SPSS Assignment Help. SPSS Term Papers. SPSS Analysis Help. SPSS Graduate Papers. SPSS Data Analysis Help

SPSS Assignment Help. SPSS Term Papers. SPSS Analysis Help. SPSS Graduate Papers. SPSS Data Analysis Help

SPSS Assignment Help. SPSS Term Papers. SPSS Analysis Help. SPSS Graduate Papers. SPSS Data Analysis Help

Index Construction and Use SPSS

Homework 5: Index Construction & Use
This assignment continues a series of labs and homeworks in which you utilize statistical skills for basic
research. For this assignment, you will again manipulate variables and construct a basic index, as you have
done in several earlier assignments. However, for this assignment, you will take an additional step, using the
index that you create for simple bivariate descriptions of the sample. The index will be the “dependent variable”:
Specifically, you will use ordinal measures to compare support for possible explanations of variation in the index.
Instructions
You will be using the data file hw5.sav to examine variation in respondents’ satisfaction with four areas of their
lives (family, friends, finance, and job). You will then create a summary measure of overall satisfaction, and will
explore how (and whether) that summary measure varies in two ways: across educational levels and with
frequency of sexual activity. Finally, you will briefly explore interactions among these possible influences on
satisfaction. (Note that most of the recoding has been done for you – this is not always the case.)
Requirements & Questions
You must submit your output file (complete but cleaned) and typed answers to these questions.
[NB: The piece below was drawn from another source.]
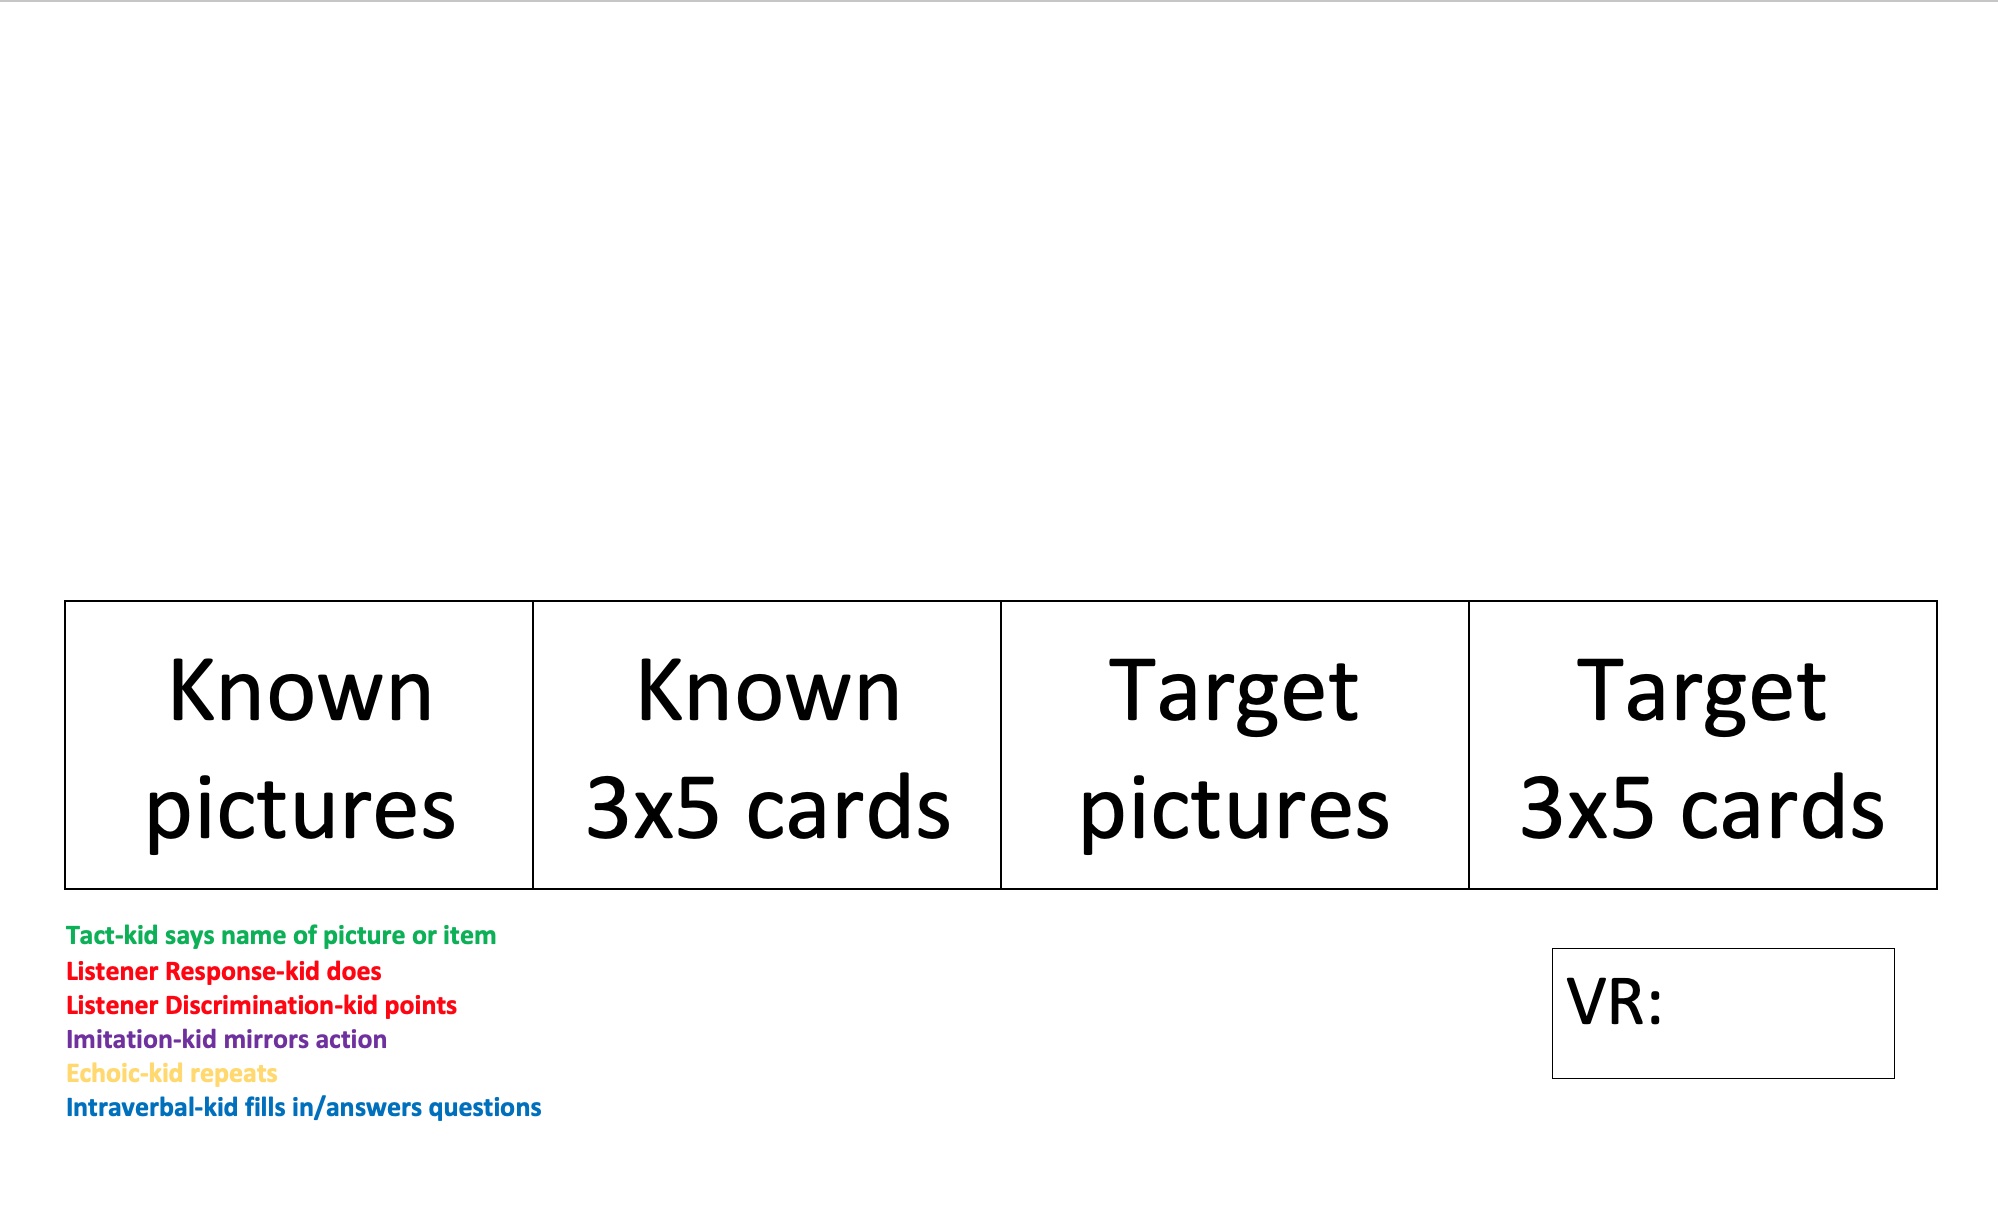 preview image of Card Sort training placemat 11.22 (1).pdf for Card Sort Training Placemat

Typed. Probably
with a computer, maybe with some other device, possibly a typewriter. But not a pen, pencil, or crayon. Typed.
1. Univariate analyses of component and independent variables:
• Perform a univariate analysis of SATFAM, SATFIN, SATJOB, and SATFRND – For each, you should
look at and briefly summarize the frequency distribution, as well as basic summary statistics for central
tendency and dispersion. Go beyond just reporting the data and say something interesting (here and
below). For example, about which issues are the respondents the most/least happy?
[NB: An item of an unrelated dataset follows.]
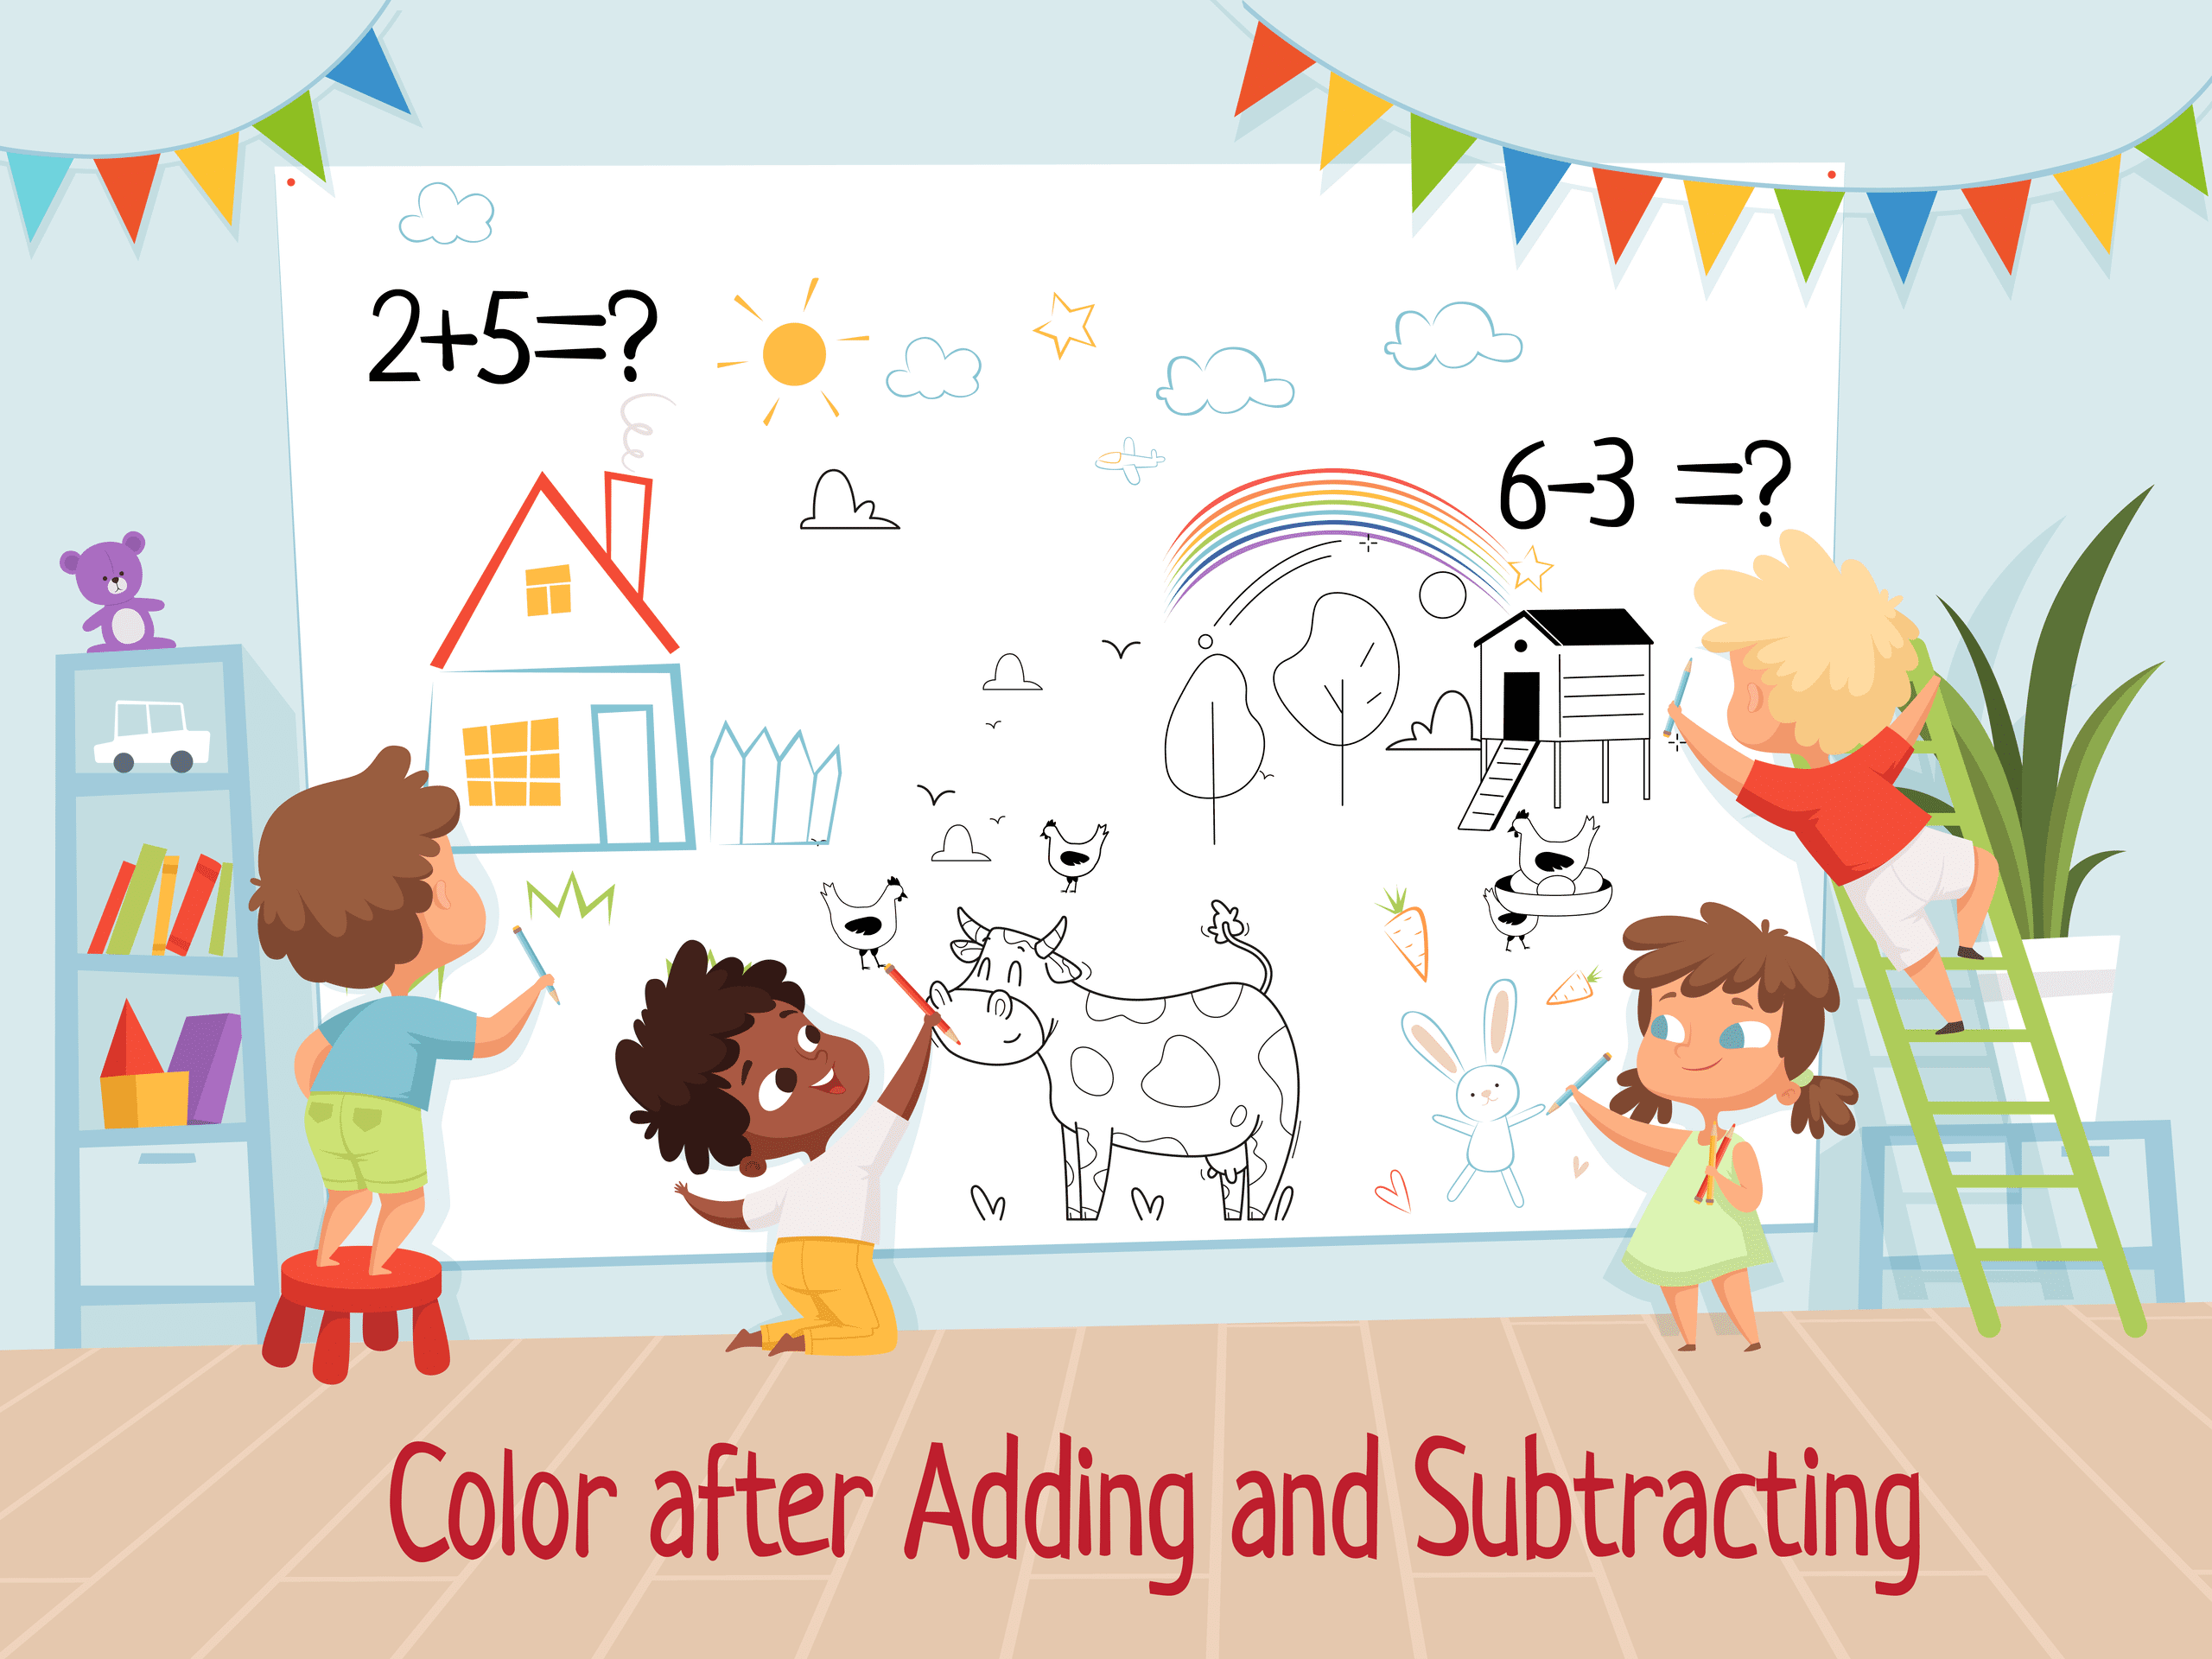 Doing Addition and Subtraction for Farm Coloring.

• Look briefly at the distributions of EDUC and SEXFREQ. (Note, in particular, the percent of the sample
who refused to answer or otherwise did not have an answer for SEXFREQ.)
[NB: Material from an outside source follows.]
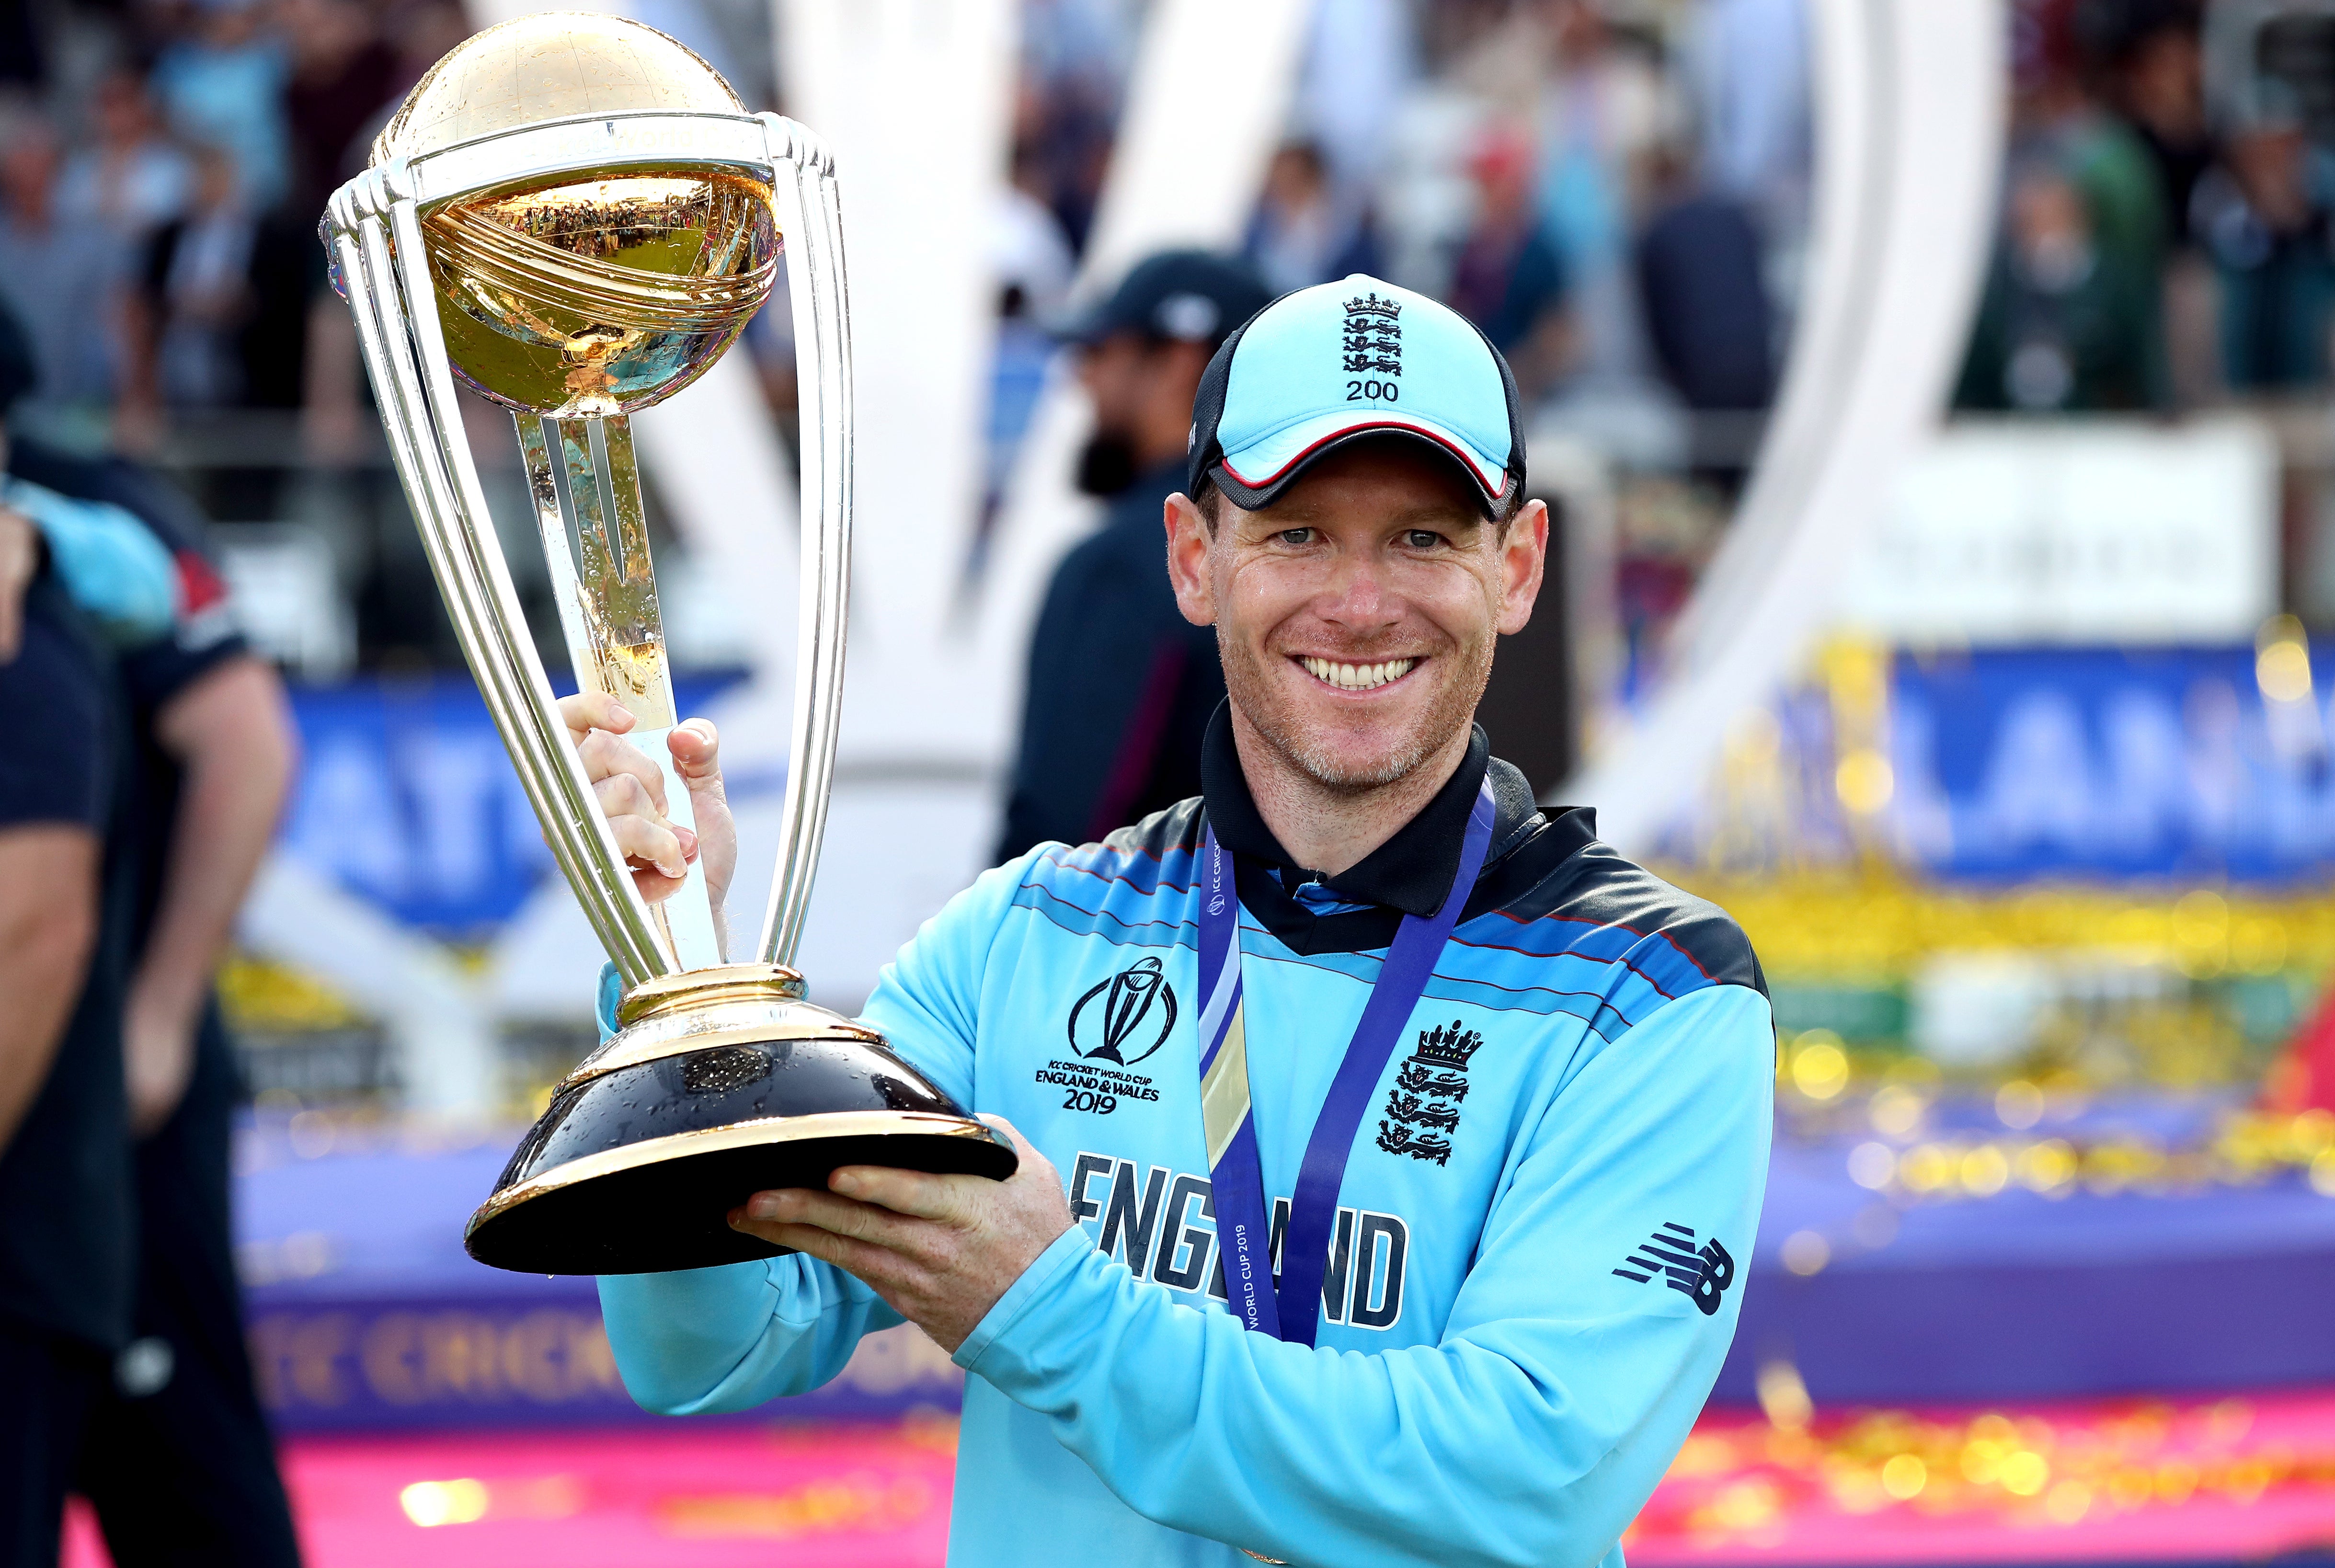 Morgan guided England to the 2019 World Cup (Nick Potts/PA)

2. Construct and assess index:
• Construct an index (including variable labels and value labels, at least for the extremes), called
HAPPY, as the summation of values for the four components listed above.
• Perform a univariate analysis of HAPPY – look at and briefly summarize the frequency distribution, as
well as basic summary statistics for central tendency and dispersion..
• What is this variable conceptually? What does it measure, and what does it mean? What does it tell us
that the individual components do not?
• Interpret the “alpha” for your index – is the index reliable? is it a good one? why or why not?
3. Bivariate analyses – what makes people happy?
• Using correlations and chi-square, what can you say about the relationship between educational
attainment and overall satisfaction (i.e. between HAPPY and EDUC)? (You will need to request a
crosstab to get chisquare, but ignore the table itself, for now.) Is it strong? statistically significant?
• Using correlations and chi-square, what can you say about the relationship between frequency of
sexual activity and overall satisfaction (i.e. between HAPPY and SEXFREQ)? (You will need to request
a crosstab to get chisquare, but ignore the table itself, for now.) Is it strong? statistically significant?
4. Discussion/conclusions
• What can you infer from these findings about what makes people happy? (Hint: Did either of the two
independent variables (EDUC and SEXFREQ) have a statistically significant effect on the dependent
variable (HAPPY)?)
• Bonus: Put that at a conceptual level, thinking about what broader concepts these variables might
operationalize. Of what larger concept might education be a specific instance, indicator, or aspect?